(DATASET SECTION)
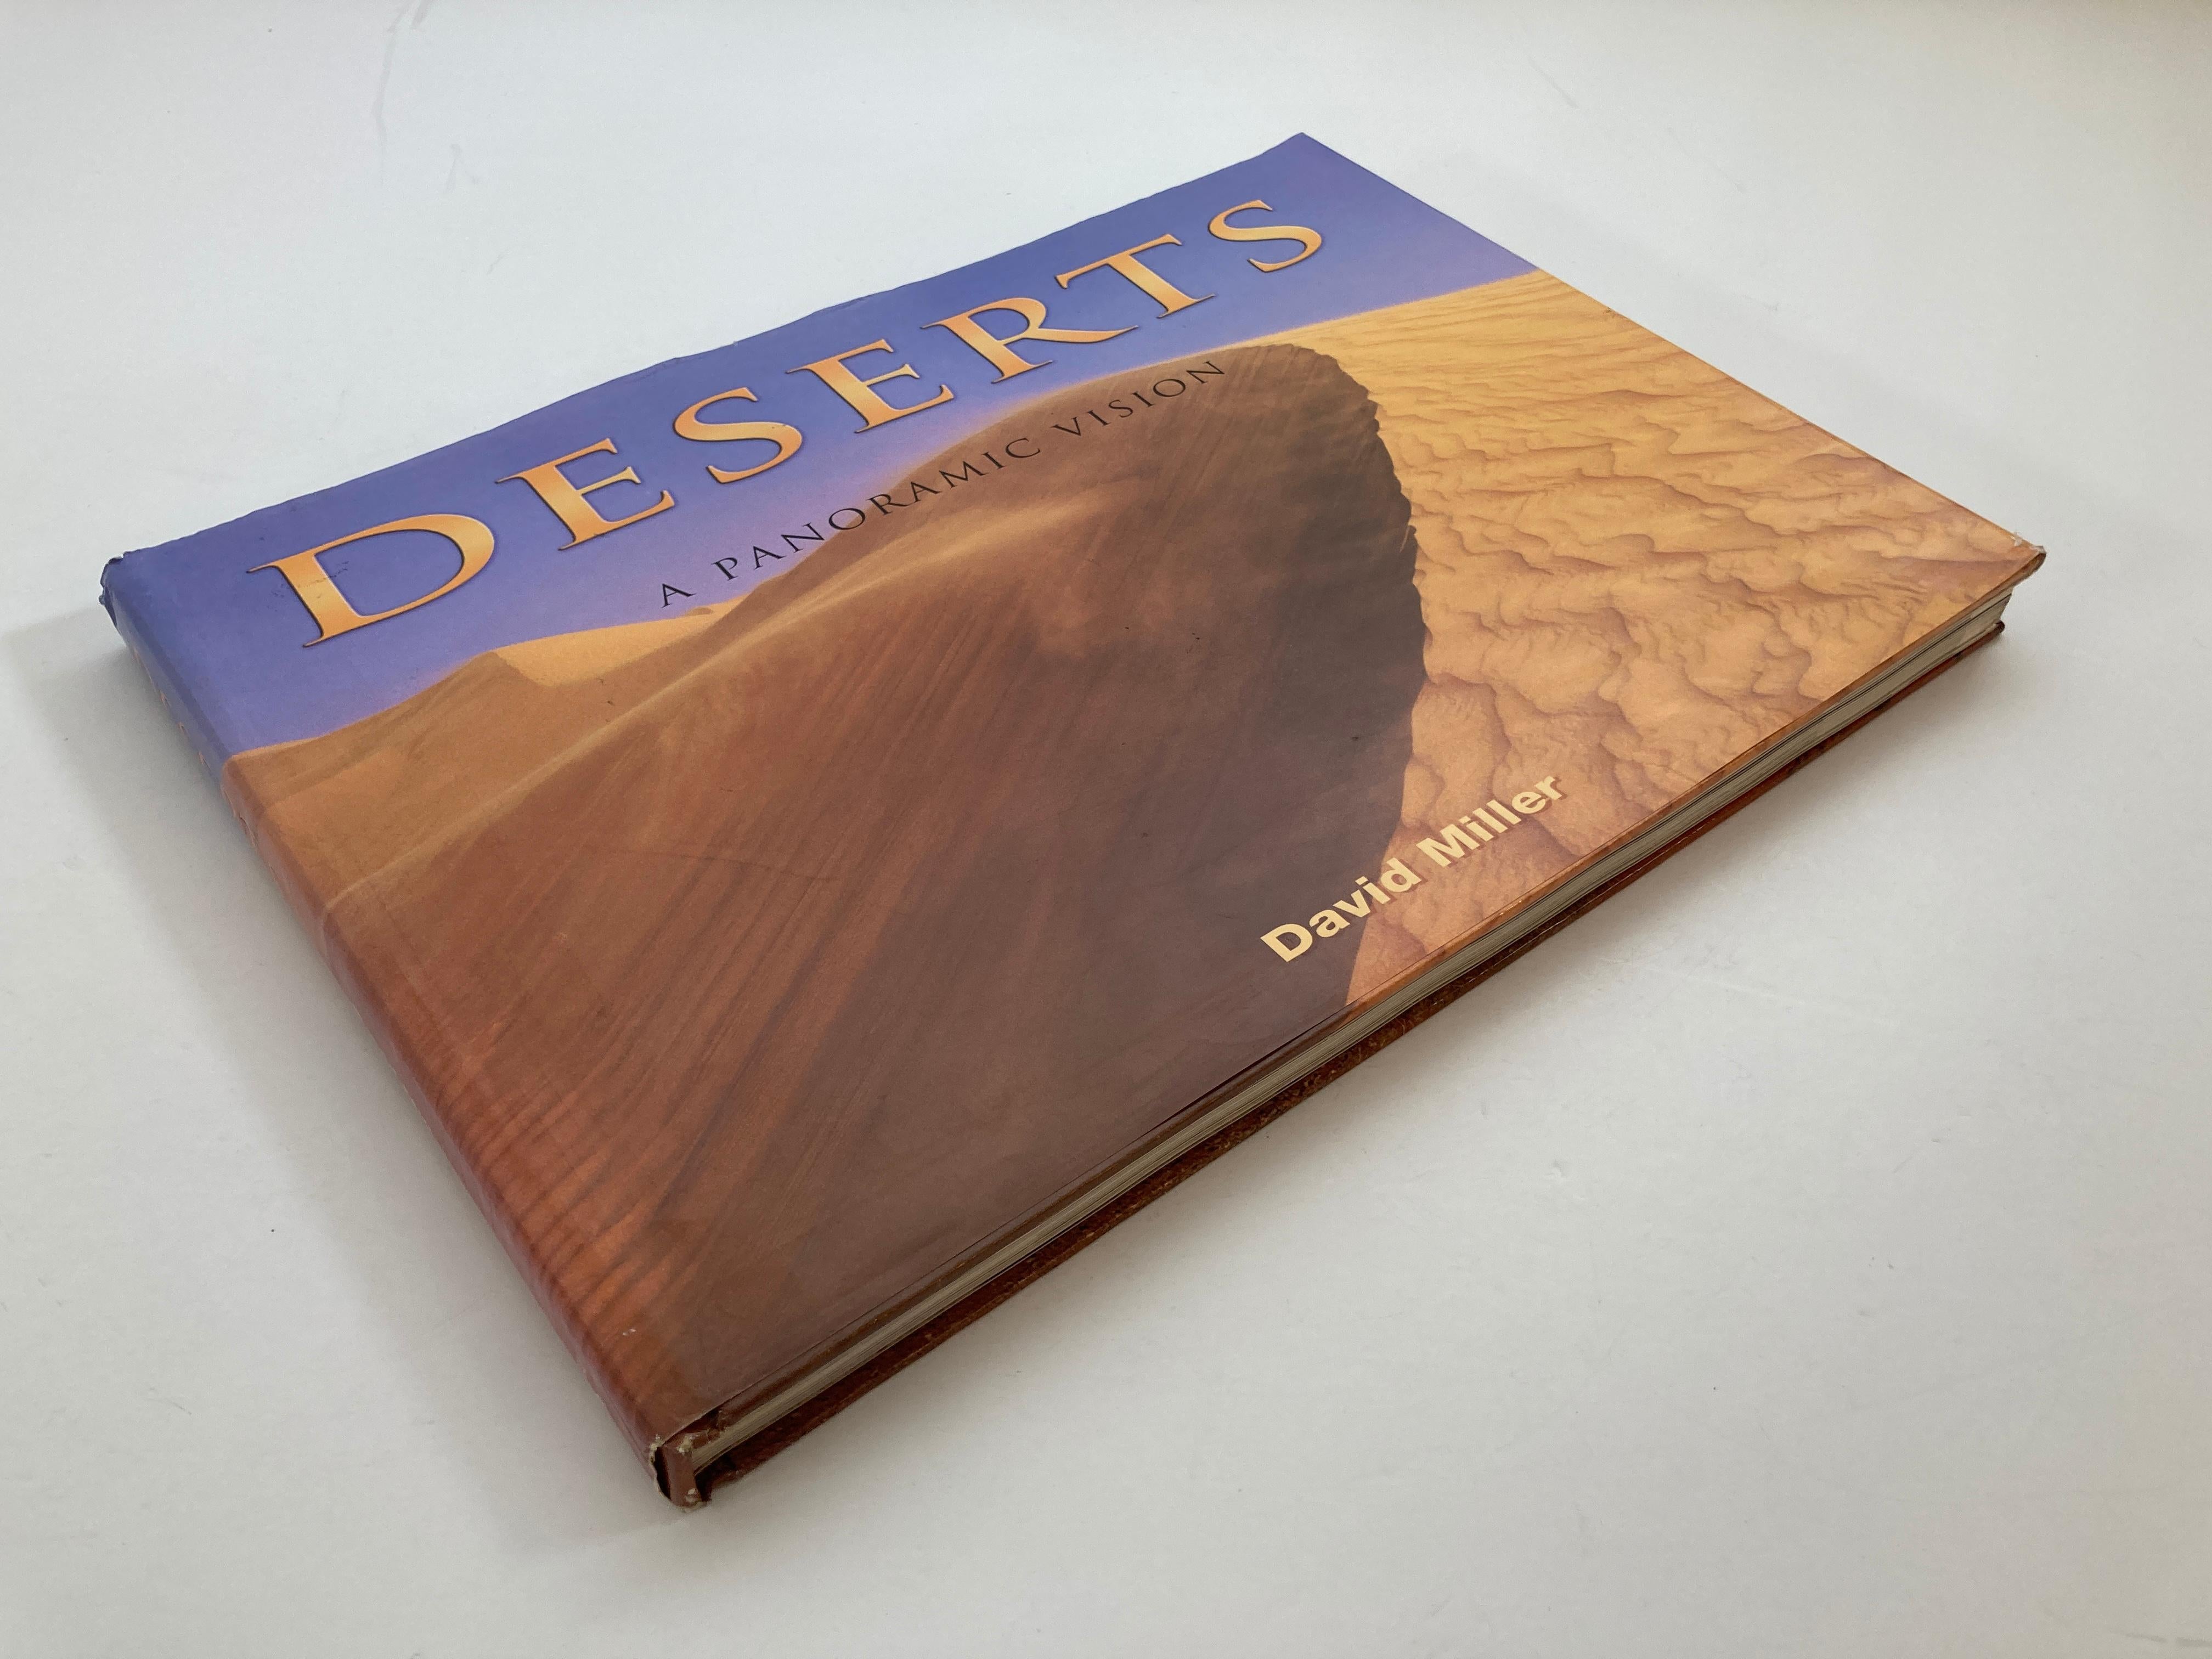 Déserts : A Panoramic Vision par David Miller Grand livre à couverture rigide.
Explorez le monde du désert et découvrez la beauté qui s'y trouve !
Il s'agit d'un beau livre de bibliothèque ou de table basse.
(End DATASET SECTION)
**ASSIGNMENT:**
With the pictures omitted, print each line of the data above precisely as given.

**ANSWER FOR THIS EXERCISE:**
 Déserts : A Panoramic Vision par David Miller Grand livre à couverture rigide.
Explorez le monde du désert et découvrez la beauté qui s'y trouve !
Il s'agit d'un beau livre de bibliothèque ou de table basse.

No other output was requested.